The programme revolved, in other words, around Amundsen the ethnographer, a man who patiently observed the way of thinking and the way of life in an icebound region: an image which broke with most people’s view of Amundsen as nothing but an adventurer on skis, a ruthless egotist who would walk over anybody to get where he wanted. In Jonas Wergeland’s programme, Amundsen came over as a man who took an enormous interest in his fellow men and had a knack for getting on with people. In scene after scene one was shown how keen Amundsen was to learn tricks which could save a life in extreme weather conditions, how he studied the products of the Eskimos’ inventiveness, everything from the five different items which went to make up their footwear to the technique for checking the quality of the snow; from the difficult art of building an igloo to the way in which, when travelling across hard-packed snow, one should allow a thin layer of ice to form on the runners of the dogsled.
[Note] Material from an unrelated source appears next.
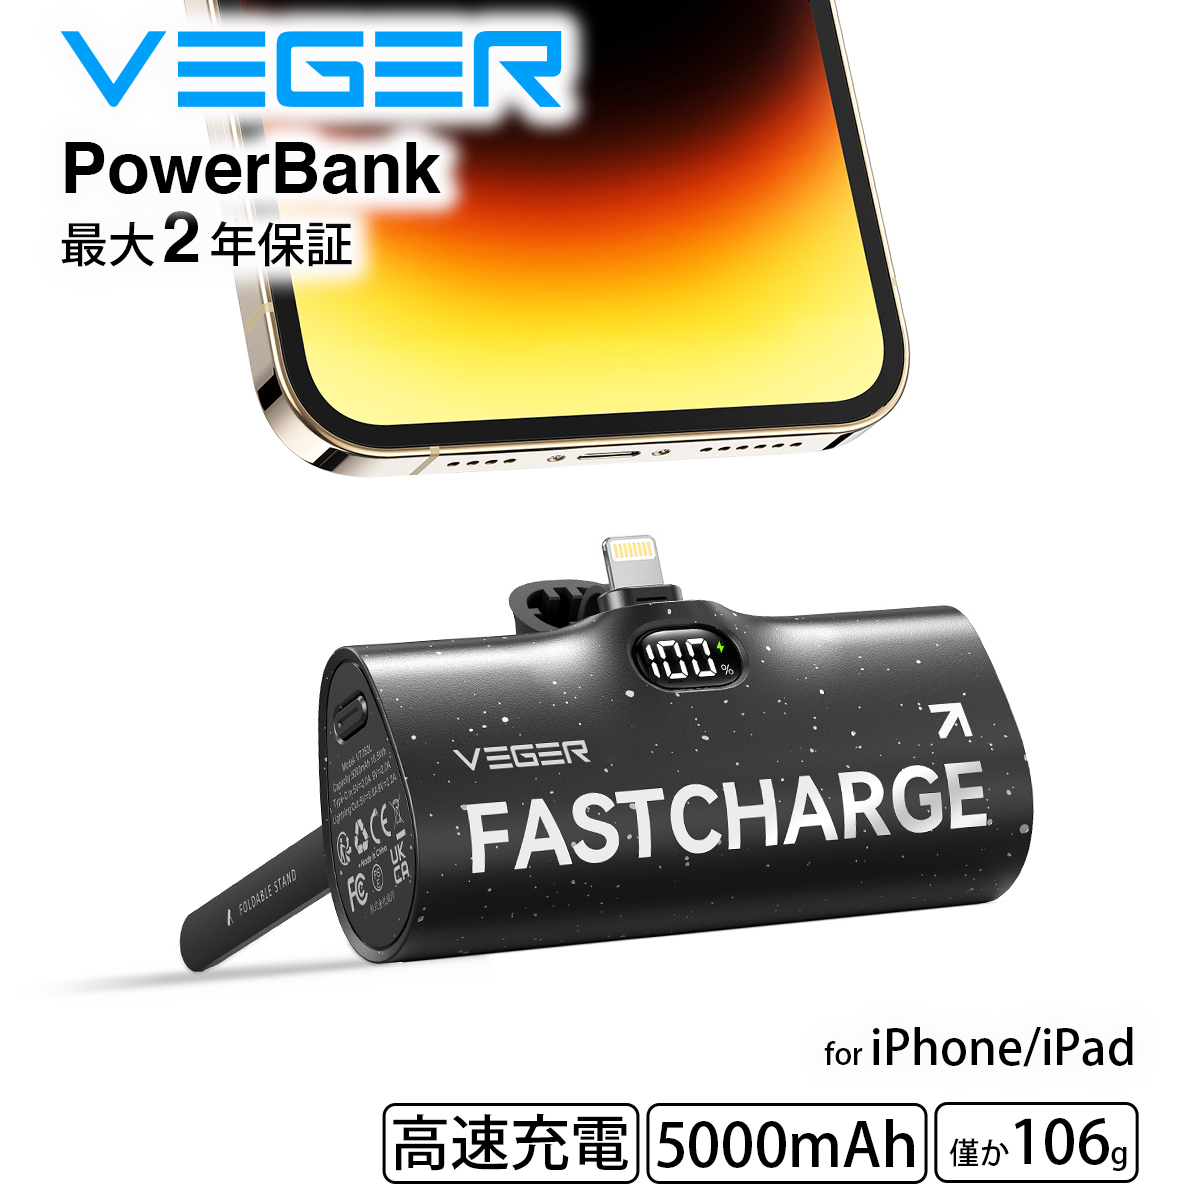 VEGER PowerBank FASTCHARGE 5000mAh Lightning (モバイルバッテリー 大容量 5000mAh) ブラック ホワイト 超軽量 105g  iPhone AirPods Galaxy Android スマートフォン Switch スイッチ おりたたみスタンド付き

These scenes must be among the finest ever shown on a television screen when it comes to depicting life amid the snow and ice, something every Norwegian is certainly in a position to appreciate. But above all else, viewers were shown how Amundsen learned the two lessons which would bring him victory in the race to the South Pole: firstly, how to dress in trousers and anoraks of animal pelts, from the skin out — in other words: no woollen underwear — and leave both the inner and the outer anoraks hanging loosely outside his trousers, to create an insulating layer of air between them and prevent a build-up of sweat; and — secondly — how Amundsen and his men, especially Helmer Hanssen, picked up a lot of new and important tips regarding equipment and techniques for handling dogsleds. They learned one particularly vital lesson: in extreme cold and snow the only thing you could depend on was the dogs. ‘On this expedition Amundsen not only conquered the North-West Passage,’ Jonas Wergeland said, addressing the camera during his regular spot in the programme. ‘He also won an insight into the art of survival. When all is said and done, it was here in the north that he conquered the South Pole.’